Potential energy of a particle is given as \( u = \dfrac{A\sqrt{x}}{B+x} \). Find the dimensions of \(A\) and \(B\).

• A. \( M^{3}L^{3/2}T^{-2},\, L \)
• B. \( ML^{5/2}T^{-1},\, L^{2} \)
• C. \( ML^{5/2}T^{-2},\, L \)
• D. \( M^{7/2}T^{-3},\, L \)

Answer 1

The Correct Option is C

Concept: Dimensional analysis is used to determine the relationship between physical quantities.

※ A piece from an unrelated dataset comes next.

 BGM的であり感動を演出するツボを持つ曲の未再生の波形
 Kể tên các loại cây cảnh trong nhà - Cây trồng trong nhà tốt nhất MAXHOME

Key ideas used here:

• Dimension of potential energy: \( [U] = ML^2T^{-2} \)
• Quantities added together must have the same dimensions
• If \(x\) represents displacement, then \( [x] = L \)

Step 1: Determine the dimension of \(B\).} Given expression: \[ u=\frac{A\sqrt{x}}{B+x} \] Since \(B\) is added to \(x\), \[ [B] = [x] \] Because \(x\) is displacement, \[ [B] = L \]
Step 2: Use dimensional consistency of the equation.} Dimension of potential energy: \[ [U] = ML^2T^{-2} \] Now taking dimensions of the given equation: \[ [U] = \left[\frac{A\sqrt{x}}{B+x}\right] \] Since \(B+x\) has dimension \(L\), \[ [U] = \frac{[A][x]^{1/2}}{L} \] Substitute \( [x]=L \): \[ ML^2T^{-2} = \frac{[A]L^{1/2}}{L} \] \[ ML^2T^{-2} = [A]L^{-1/2} \]
Step 3: Solve for the dimension of \(A\).} \[ [A] = ML^2T^{-2}\times L^{1/2} \] \[ [A] = ML^{5/2}T^{-2} \] Final Result \[ [A] = ML^{5/2}T^{-2}, \qquad [B] = L \]